I have already addressed it several times on this thread and others and you know that. Why are you so obsessed about exactly what my headphones are made of? It's what they _do _that matters.

I'll do it one more time. Will you promise to never bring it up again?

The amount of attenuation to specific external sound levels that my headphones bring is so insignificant it would be hard to measure accurately. They are not a sealed unit, so the materials they are constructed from are largely irrevant - there have, effectively, got holes in them. Conversely, the effect of reducing wind turbulence counters this reduction manyfold.

Would you argue that anyone riding in wind without wearing a buff or wooly hat or whatever to reduce wind turbulence is being dangerously irresponsible? It is a choice.
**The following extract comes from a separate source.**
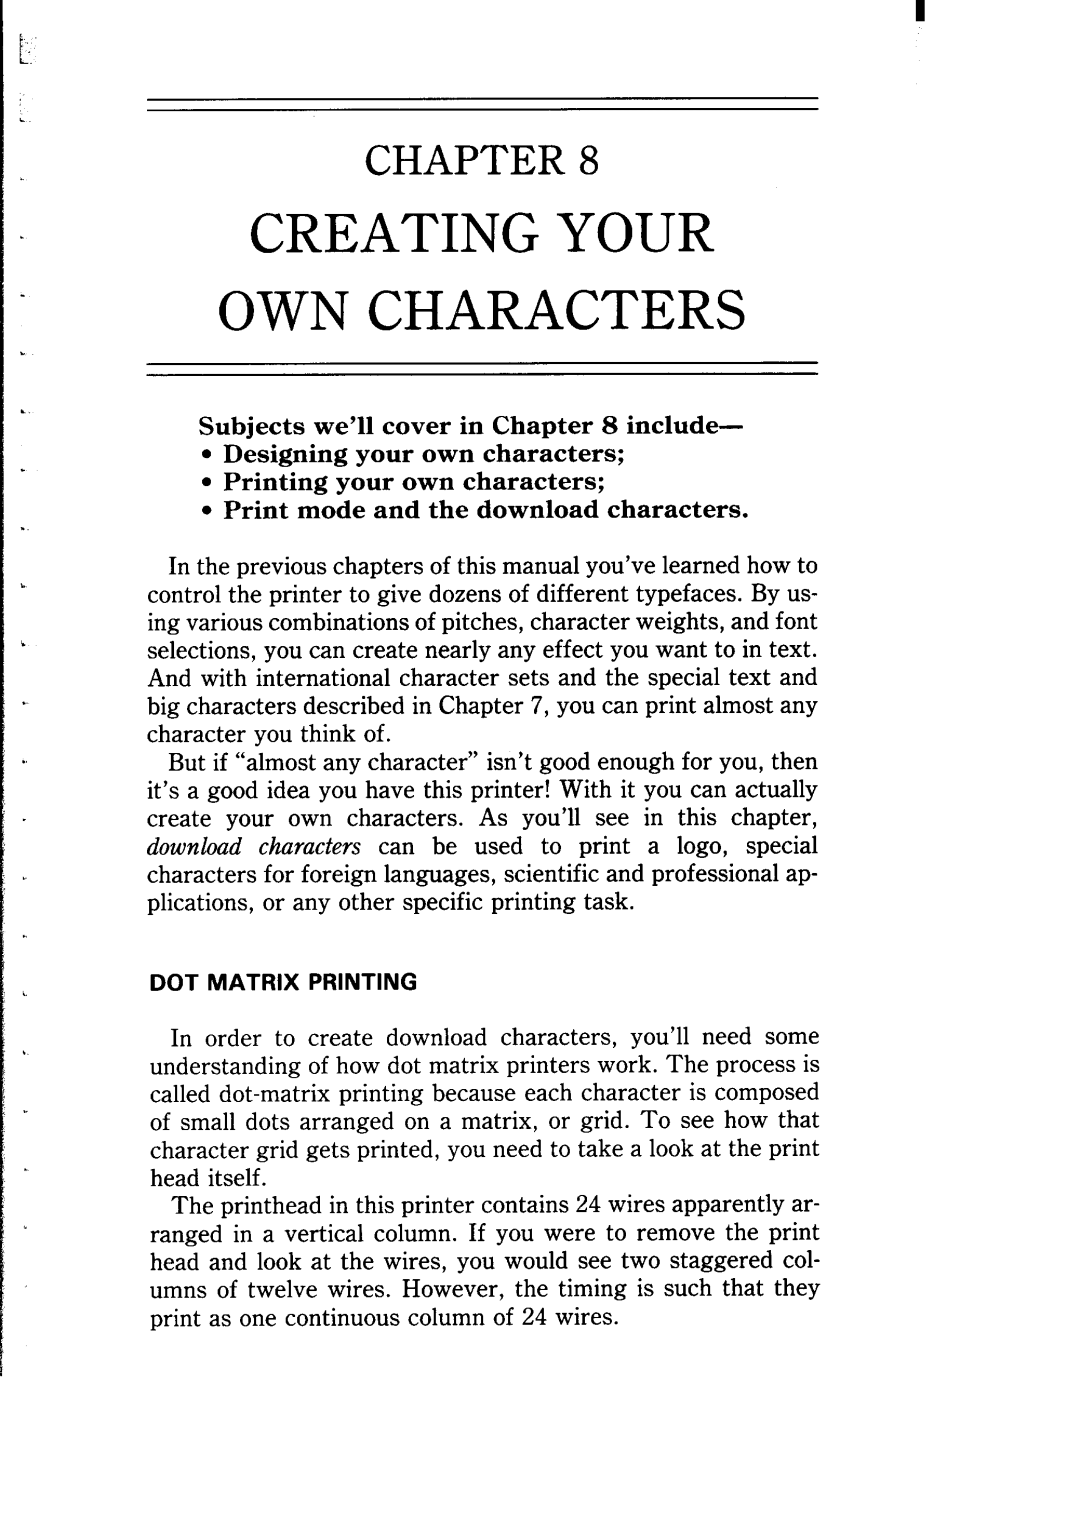 Star Micronics NB-15 user manual Creating Your Own Characters, Chapter, Subjects we’ll cover in include 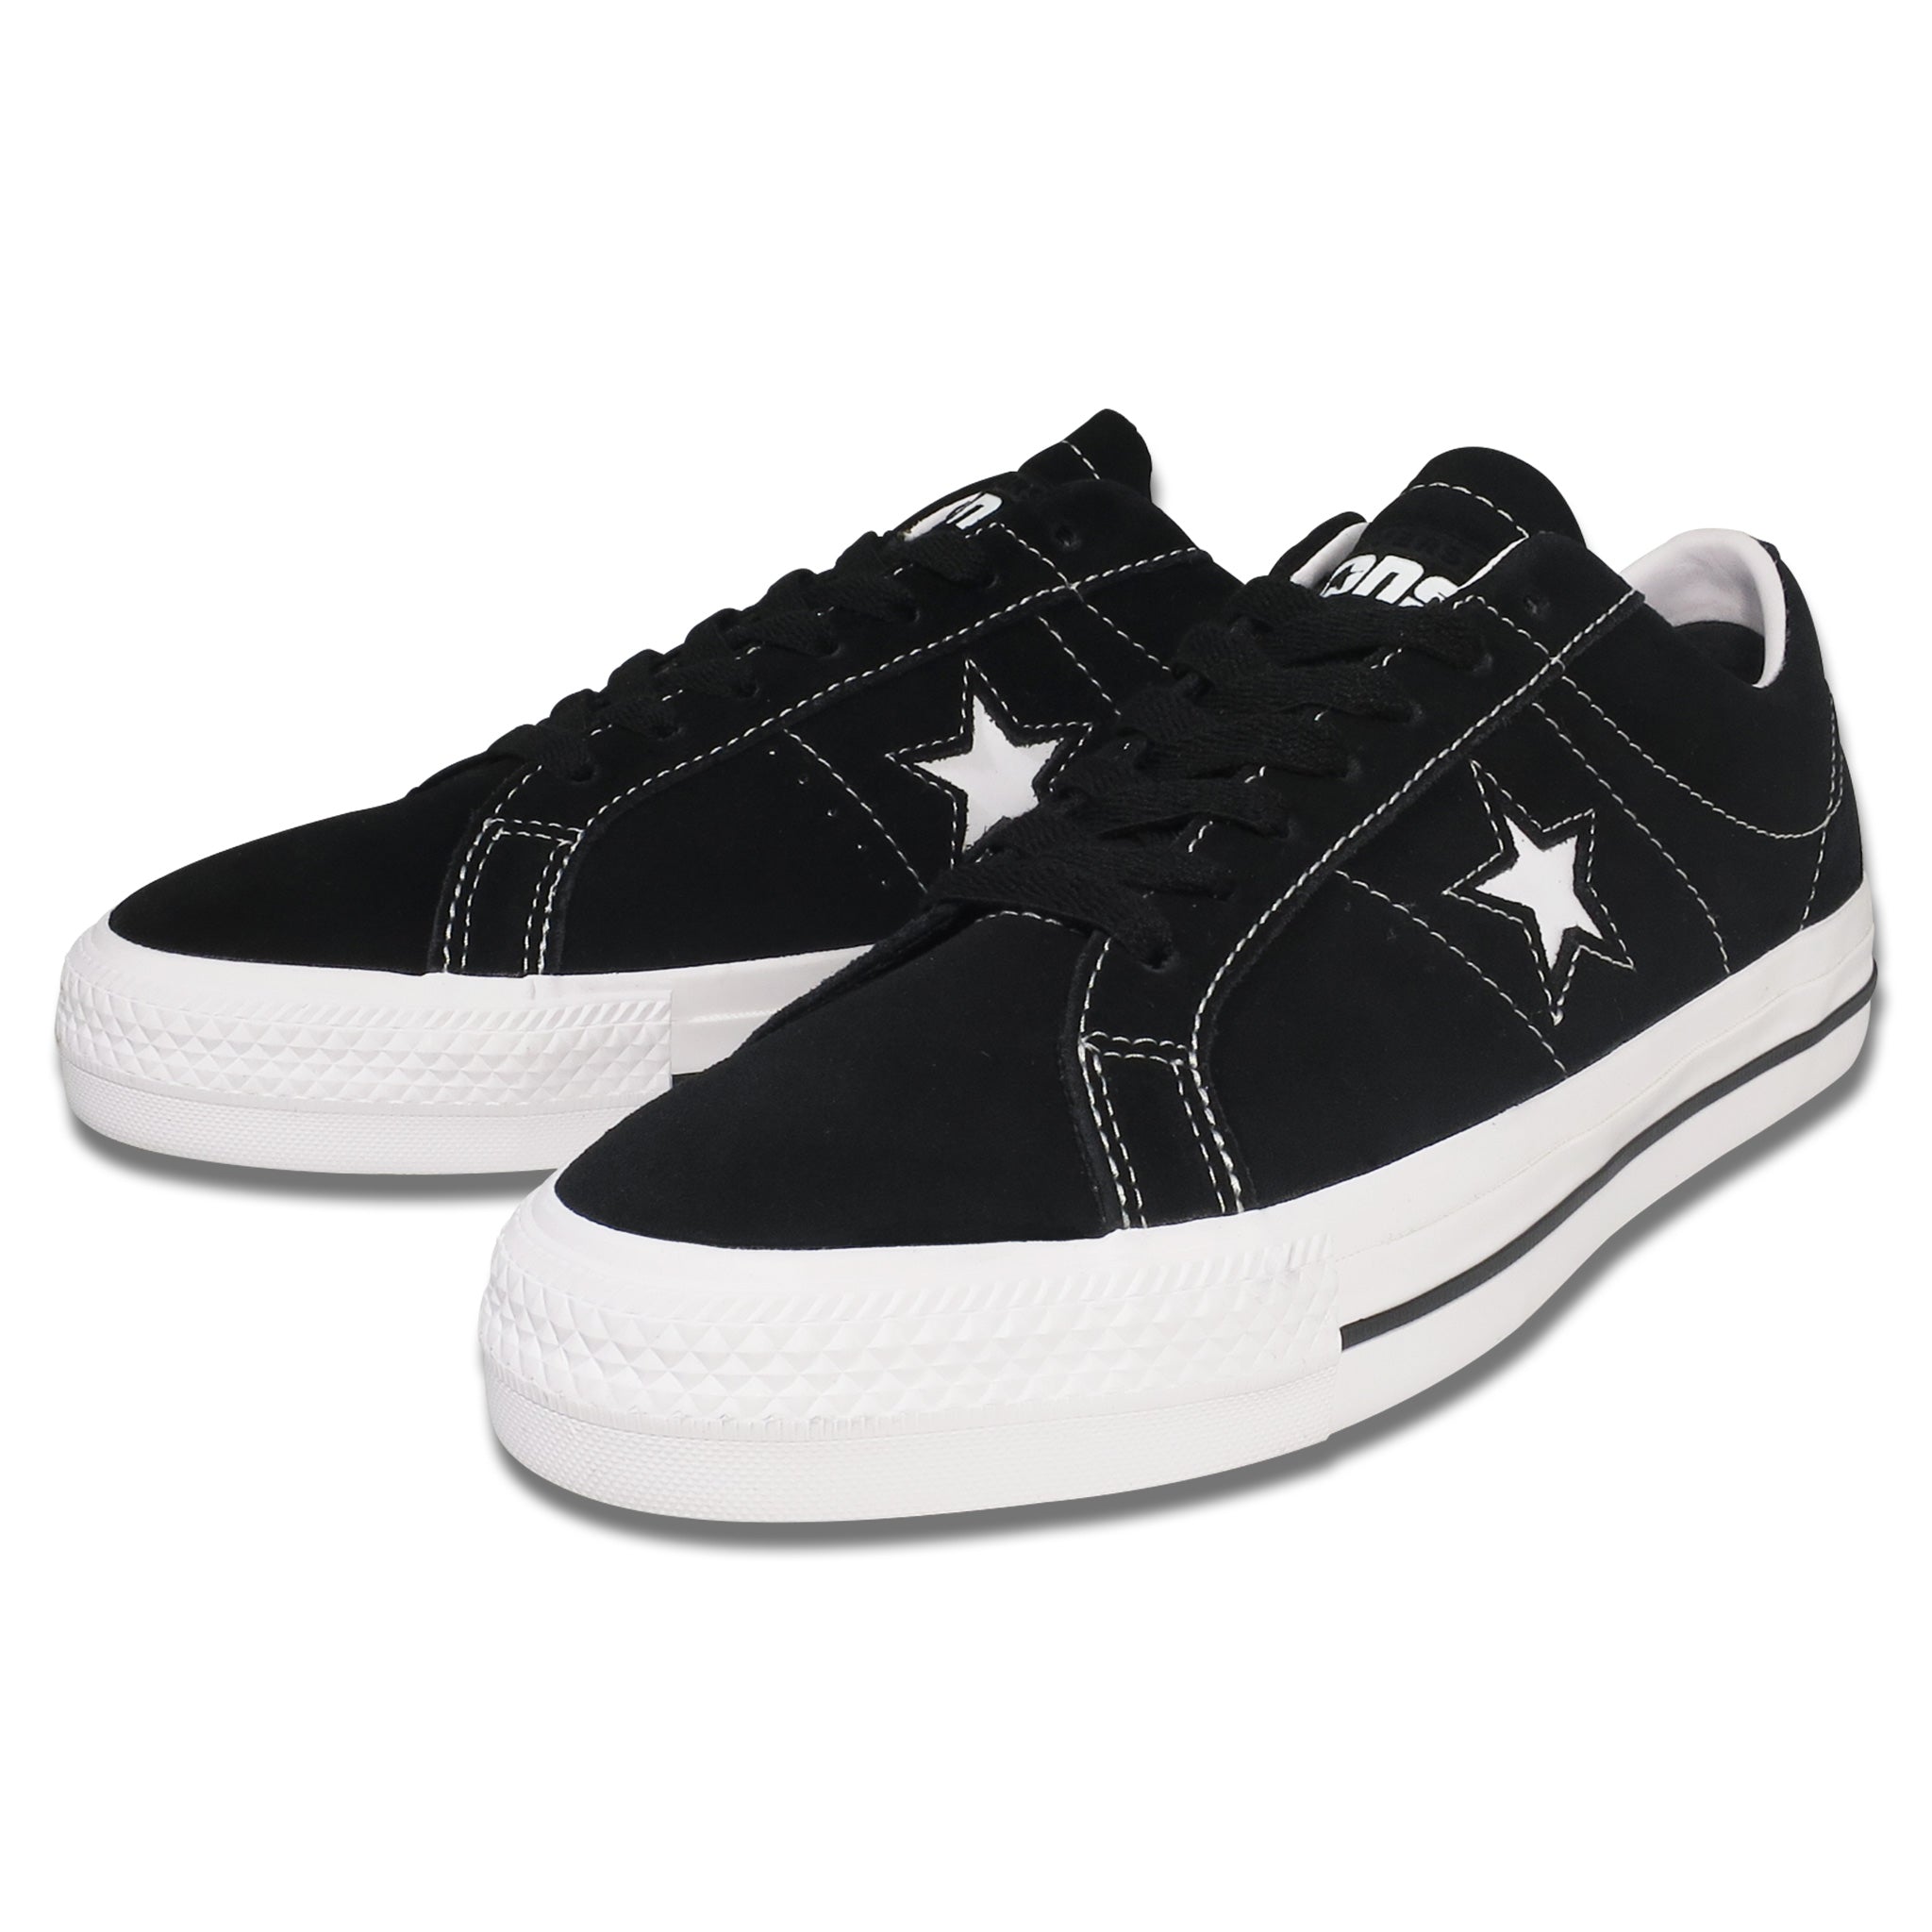 CONS ONE STAR SKATE OX BLACK  26.5cmCT70

Because that has a greater effect on what you can hear than adding music.


----------



## italiafirenze (16 Feb 2012)

BlackPanther said:


> Spoken by someone who's never worn headphones?
> *FACT*. Wearing good quality 'earbud' headphones drastically decreases the main cause of impaired hearing whilst cycling, and that's the wind blast noise which is substantial when travelling at 20mph+, and at 30mph+ it's quite uncomfortable without 'protection'.
> Therefore JUST wearing them (no audio) actually improves your ability to hear car engines etc etc. Obviously, it's then a balancing act of getting the audio to a level where the earbuds STOP the windblast, but where the audio is not so loud as to reverse the advantage. I'd like to think that my level of audio is bang in the middle, and so is no more 'dangerous' (but admittedly not actually any safer) than not wearing them at all.


 
FACT. Just saying FACT in capital letters before writing something doesn't make it any more of a FACT than if you hadn't written FACT. Some sort of reference to a peer-reviewed repeatable scientific study would be useful to qualify status of alleged FACT.

OPINION. I have ridden with earphones in and didn't feel in the least bit impaired or endangered. But I find I prefer not to because I just think cycling is better without music (excepting the turbo trainer, where external stimulus is very necessary).


----------



## Jezston (16 Feb 2012)

[QUOTE 1725632, member: 45"]
Yes, you acknowledge that they impair sound. Great.[/quote]

Stop trying to twist my words. To an _insignificant_ level, so effectively - no.

From your first post in this thread:

[QUOTE 1724032, member: 45"] Just don't try to justify it by pretending that it makes no difference, or even actually improves your ability to hear....[/quote]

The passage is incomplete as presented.